In a bunched R, the fourth and fifth formants are very close together. In a retroflex R, they’re much farther apart. It’s a giveaway, albeit one we can’t really process without technological help. But there’s more going on than that. For one thing, it’s not exclusive: Every crispy R seems to be retroflex, but not every retroflex R sounds audibly crispy.
So we have something peculiar: If we assume that crispy Rs are retroflex, how is it possible that I and others can differentiate them? The spectrograms suggest that we can, but we really shouldn’t be able to. And if we can tell the difference, why do not all retroflex Rs sound crispy?
One possible explanation shows up in the spectrogram. In the Rs that I rated as “crispiest,” they’re clumped with hard consonant sounds such as K and B. And in those cases, there’s a pretty substantial gap between the consonant and the R that follows, so “crew” sounds almost like “kuh-rew.” This is why, I think, Firkus decided on the term “crispy” to describe it. It’s not exactly evocative of a “crispy” sound (What would that even be? Like the sound of a knife running along the edge of a fresh loaf of sourdough?) but it’s useful—if you make crispy Rs, when you say the name of the phenomenon, you’ll be demonstrating it right there.
McAllister suggests that what might be happening is that, well, it’s not really about the R, but rather what the R does to a neighboring sound.
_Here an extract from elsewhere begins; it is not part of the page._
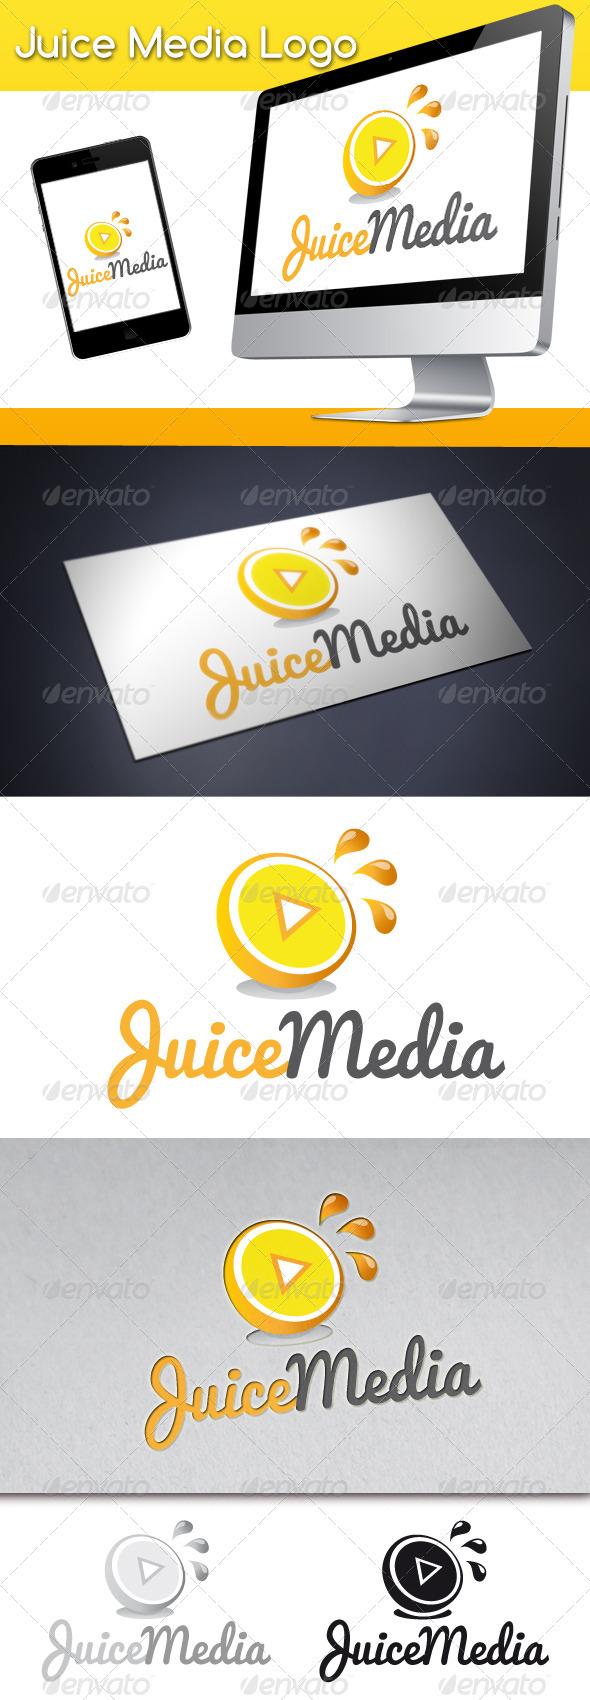 GraphicRiver Juice Media Logo 2882820

A consonant such as K or B is called a “stop,” which means it is a sound that requires the cessation of noise. As you transition from that to an R sound—in a word like “crispy”—the shape of your tongue will change the path of the burst of air used for the combined sound. In “crispy,” according to this theory, it’s not the R that’s crispy. It’s the K.
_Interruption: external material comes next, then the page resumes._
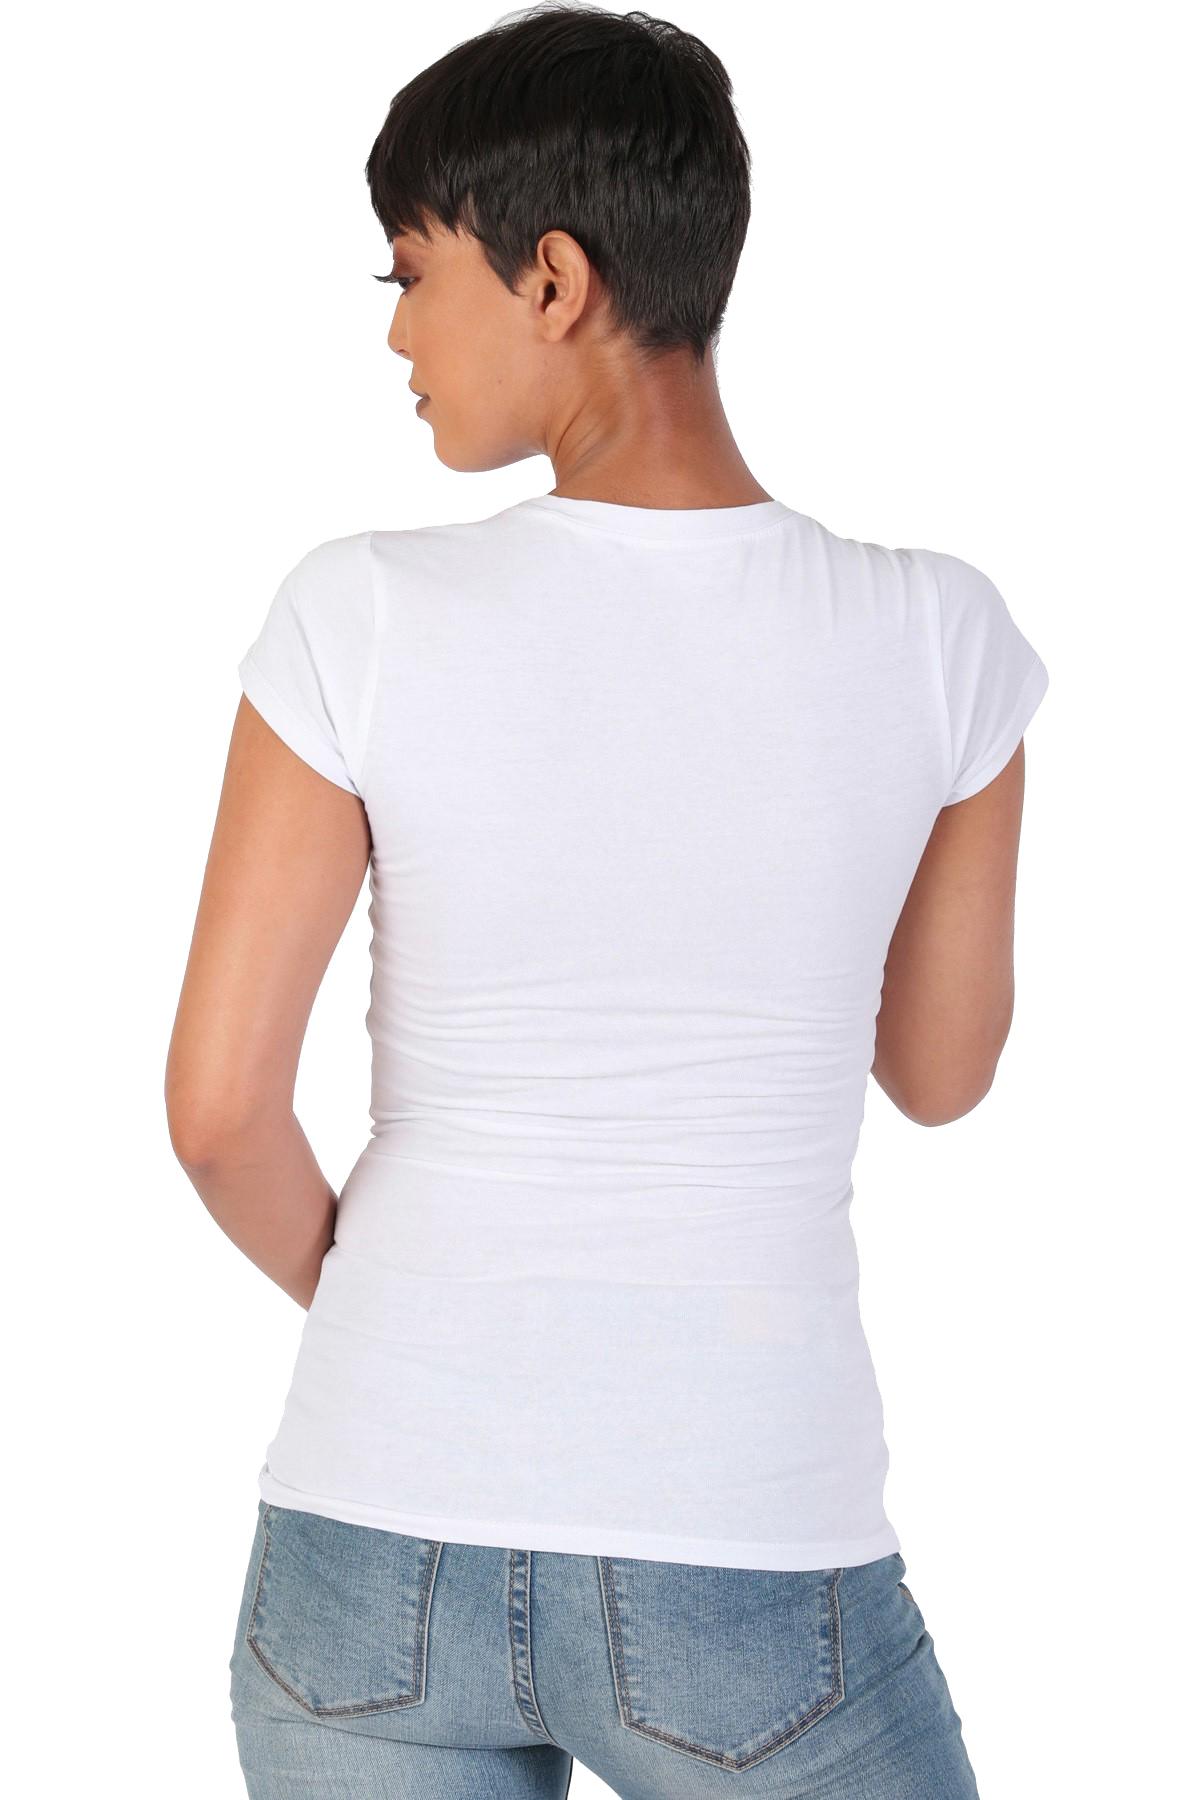 Women-039-s-Juniors-Patriotic-Casual-Graphic-Print-Short-Sleeve-T-Shirt-Top thumbnail 12

(There’s another element: crispy Rs that allegedly appear at the end of words. I hear this in the way Death Cab for Cutie singer Ben Gibbard pronounces the word “year” in this song. It’s unclear if this ending R is related to the other crispy R; more study is needed.)
An especially fun thing I’ve found about linguists over the years is that they are universally very excited to hear about some weird new accent or linguistic quirk. Both McAllister and Mielke immediately got to work as soon as I introduced them to the crispy R. They posted about it on social media, shared it with other linguists whose specialties and subspecialties might provide insight, made videos, isolated and analyzed audio clips. I didn’t ask them to do this stuff. They were just psyched to dig into something new.
It’s also pretty likely that, even if linguists come up with a more precise name for the phenomenon, it will be forever referred to in academic literature and conferences as “known in the wider population as the ‘crispy R.’” All from some TikToks.